Relief is on tap for residents of Little Rocky Hill, now that the Township Council has taken the first steps in replacing the Route 27 water main.
The council at its August meeting introduced a $210,000 ordinance for engineering work for the new main, and passed a resolution giving that engineering work to Hatch Mott MacDonald.
The actual engineering services are not to exceed $182,300, according to the resolution. The difference in the ordinance’s total and the resolution’s is due to fees associated with a bonding ordinance.
Several area residents were on hand at the council meeting to reinforce the need for the work and to thank the council for taking the action.
Any relief brought by the main probably won’t be felt until the end of 2014 or the beginning of 2015, the council was told.
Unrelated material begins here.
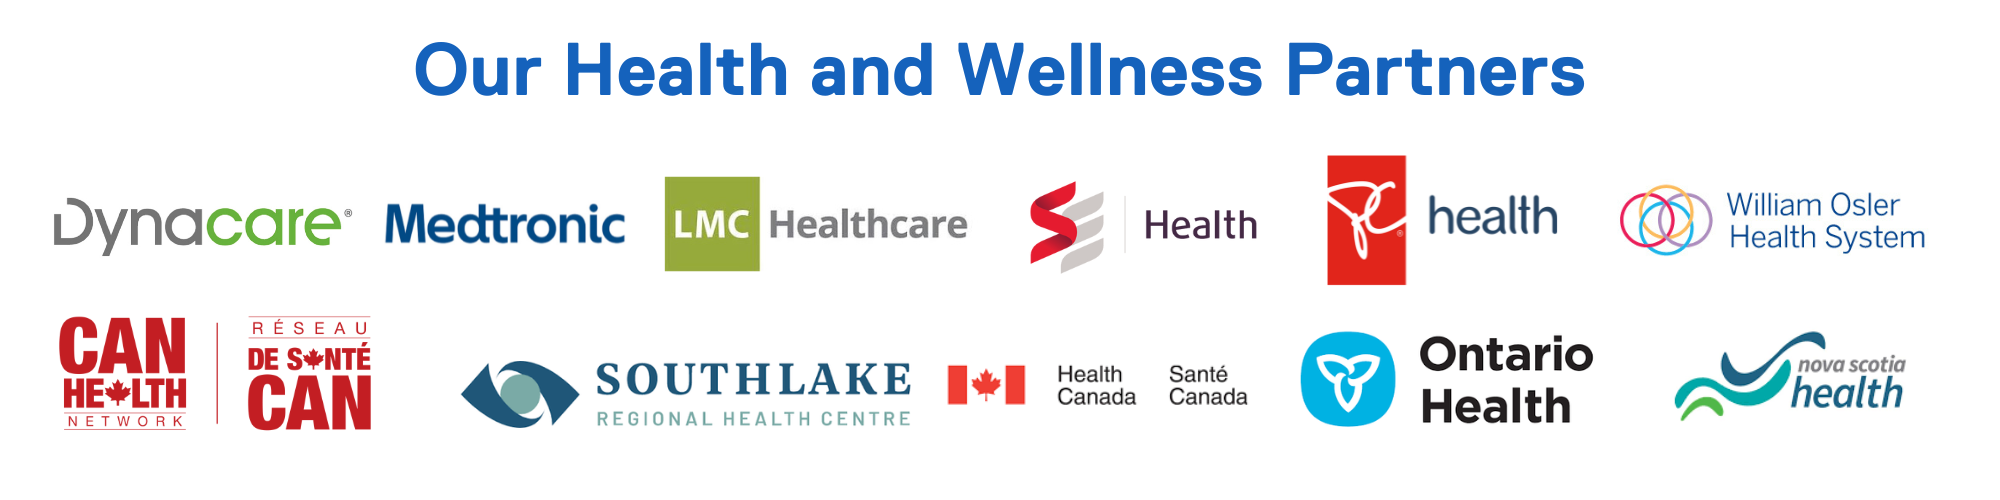 Brampton venture zone health and wellness partners

Township engineer Tom Zilinek told the council that the design stage alone would take about six months.
Within that six-month period, he said, the necessary permits from the state Department of Environmental Protection would have to be won.
“At some point within the design process, the council will have to approve” the project’s total cost, he said.
The project should go out to bid sometime next March or April, and construction could be anywhere from three to six months after that, Zilinek said.
“One thing that will slow down construction is how much rock they hit,” he said. “We’ll have to see what kind of rock is out there.”
The project involves replacing an old main that is supplied by the South Brunswick Water Division, said Township Manager Robert G. Vornlocker, Jr.
The new main would be connected to the township’s water main, he said. He said the township’s water line did not extend that far south at the time the Little Rocky Hill main was installed, thus necessitating its connection to South Brunswick’s.
Mayor Brian D. Levine said the project’s total construction cost would be “a couple million dollars.”
The public hearing on the water main bonding ordinance is set for the council’s Sept. 10 meeting.